Exclusif : trois professionnels de santé sur quatre continuent de travailler avec une infection respiratoire saisonnière fébrile !

Paris, le mardi 25 août 2015 - Chaque jour ou presque, les médecins, notamment généralistes, reçoivent en consultation des patients qui refusent l’arrêt de travail qui leur est recommandé. Ils présentent une rhinopharyngite aiguë accompagnée de fièvre et disent souffrir d’un surcroît de fatigue et pourtant, ils refusent d’abandonner leur poste pour quelques jours. Les raisons invoquées sont nombreuses : sentiment que leur travail ne pourra être réalisé en leur absence, refus d’imposer des tâches supplémentaires à leurs collègues, conviction qu’une pathologie bénigne n’est pas une raison suffisante pour s’arrêter. Face à ces explications, les médecins mesurent souvent la différence entre ces obstinés et ceux qui jugent impossible de poursuivre leur activité professionnelle à la moindre douleur. Ils tentent parfois de convaincre les impétrants mais sans succès.

Arrêter de travail quand on est malade : une idée qui fait tousser !

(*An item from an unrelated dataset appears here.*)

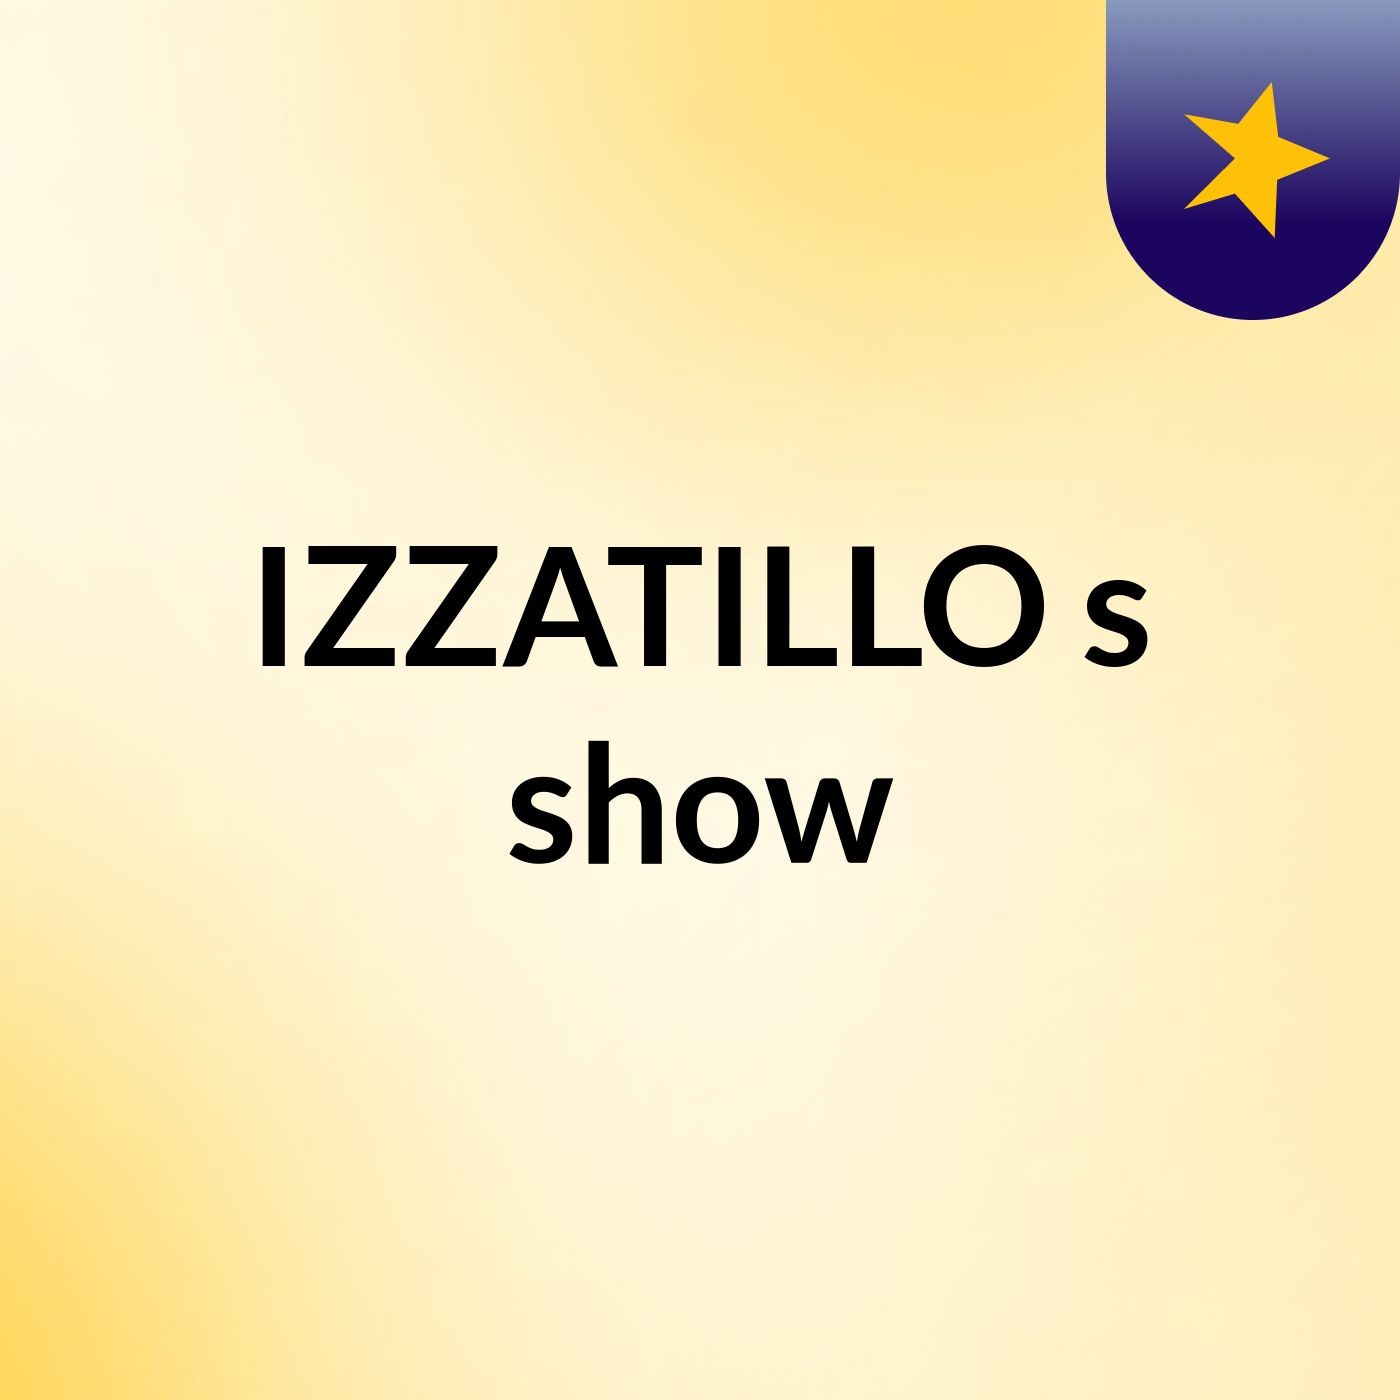 IZZATILLO's show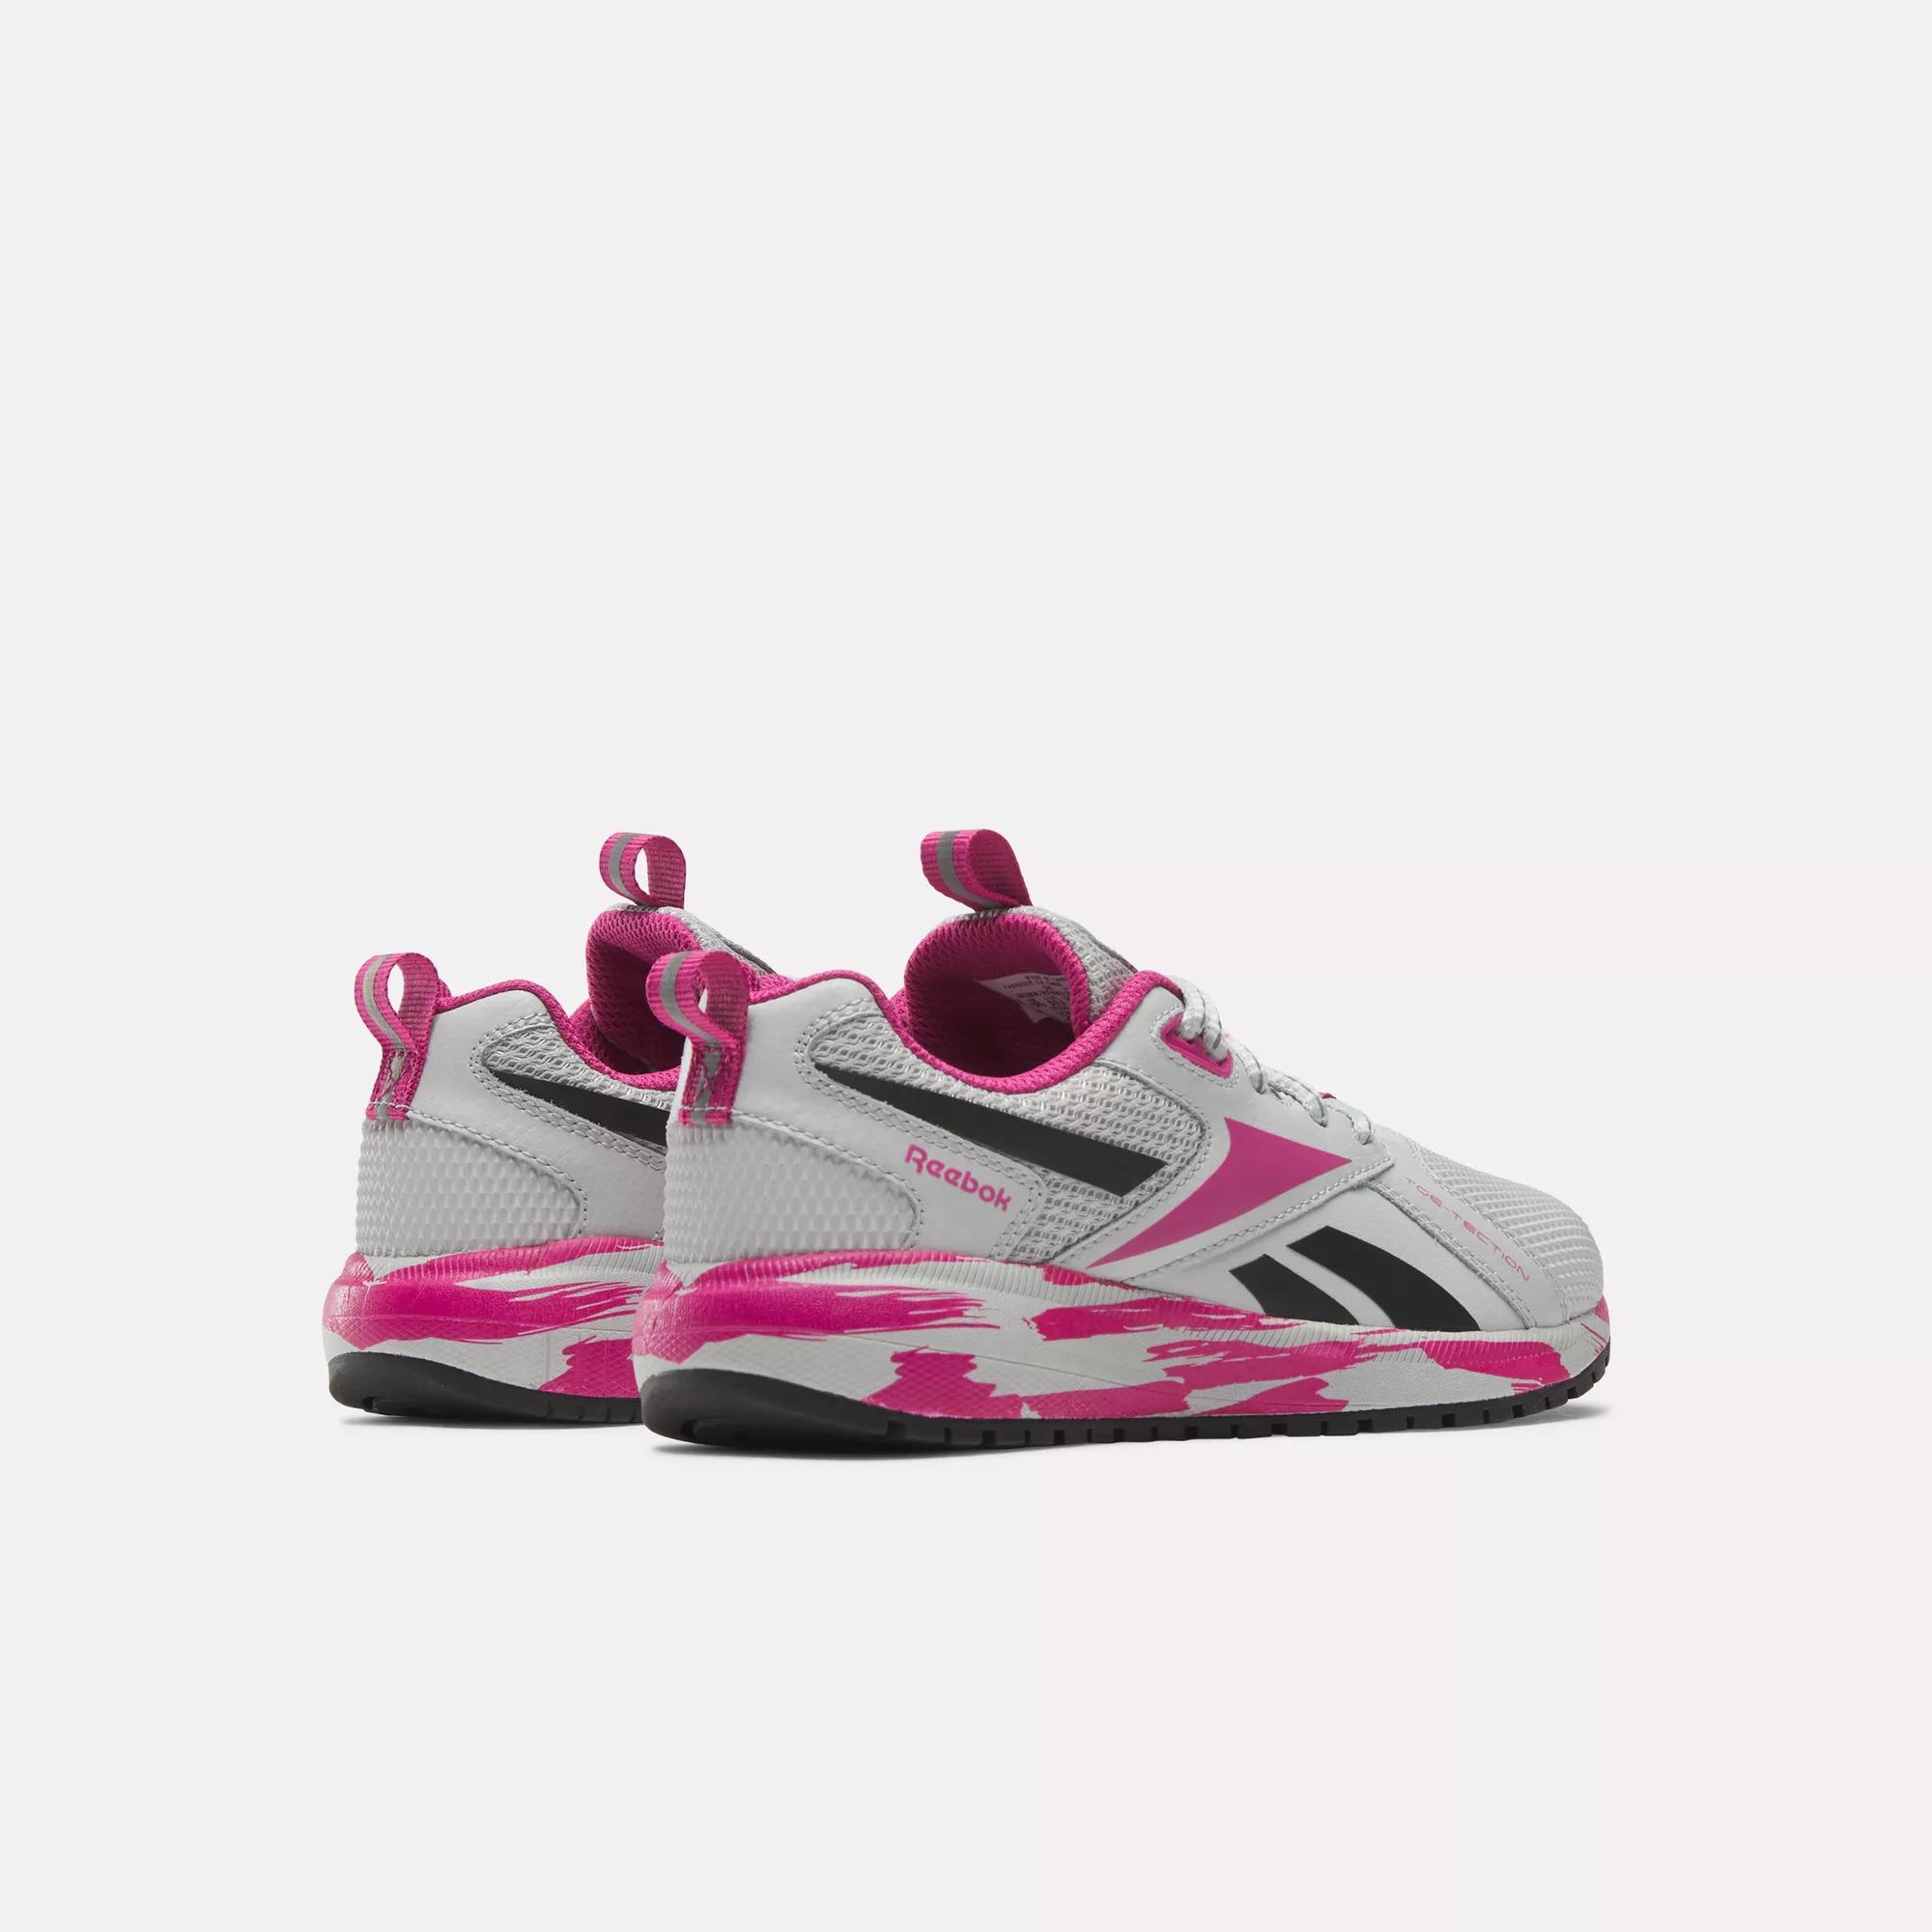 Reebok Durable XT Shoes - Preschool - Steely Fog / Semi Proud Pink / Core  Black | Reebok

Ces derniers, il est vrai, leur ressemblent beaucoup. Car médecins, infirmiers, pharmaciens font partie de ceux qui refusent d’abandonner leurs missions, même quand une rhinite ou une mauvaise toux viennent les assaillir. C’est ce que confirme un sondage réalisé sur notre site du 27 juillet au 24 août : il apparaît que la grande majorité des professionnels de santé (76 %), bien qu’atteints d’une infection respiratoire saisonnière, ne s’arrêtent pas de travailler. Plus encore, ils ne sont que 1 % à affirmer cesser systématiquement leur activité dans le but de ne pas contaminer leurs patients ; tandis que si 21% peuvent éventuellement lever le pied, c’est d’abord parce qu’ils sont fébriles et que ce symptôme sans doute amoindrit leurs capacités. Ces résultats montrent que l’idée d’infecter ses malades (qui était spécifiquement mentionnée dans le libellé de notre question) n’incite pourtant pas les professionnels à s’éloigner un temps de leur cabinet, de leur service ou de leur officine. Il apparaît même peut-être que c’est d’abord le caractère gênant de certains symptômes (la fièvre) qui peut avoir une influence décisive, avant le risque de contamination pour les malades. Cependant, on constate (à la marge il est vrai) que plus le contact entre le professionnel et le patient est susceptible d’être "étroit", plus la cessation d’activités est fréquente. Ainsi, la proportion d’infirmières affirmant ne pas arrêter de travailler en cas d’affection respiratoire saisonnière (73 %) est un peu plus faible que celle des médecins (77 %) et des pharmaciens (79 %).

Sondage realisé du 27 juillet au 23 août

Pas assez grave

Cette propension à se maintenir en activité n’est probablement pas une méconnaissance des risques de transmission aux patients (mais peut-être une certaine minimisation de cette éventualité). Les raisons expliquant cette attitude sont plus certainement d’abord liées à l’organisation du travail : l’impossibilité d’un remplacement (qui s’observe tant en ville qu’à l’hôpital) impose aux professionnels de demeurer auprès de leurs patients en dépit des risques auxquels ces derniers pourraient être exposés. S’ajoutent également parfois des considérations financières, plus prégnantes lorsque l’exercice est libéral. Enfin, des convictions d’ordre idéologique interviennent également fréquemment : dans l’esprit de beaucoup de professionnels de santé, seuls des pathologies graves peuvent justifier d’interrompre son activité.

Sur les deux rives de l’Atlantique

Ces différentes raisons ont été exprimées par un panel de professionnels de santé de l’hôpital d’enfants de Philadelphie interrogés sur leur comportement en cas d’affections saisonnières. Les résultats obtenus laissaient apparaître une tendance tout aussi marquée chez ces professionnels que chez les praticiens français à ne pas abandonner leur poste : 83,1 % des praticiens interrogés indiquaient être venus travailler bien que "malades" au moins une fois au cours de l’année écoulée. En cas de toux ou de rhinite, 75 % des professionnels se déclaraient être de même prêts à continuer à soigner.  Des proportions très élevées ne préjugeant rien de la prise de conscience du risque encouru par les patients : 95,3 % des personnels interrogés affirmaient être parfaitement conscients de ce risque.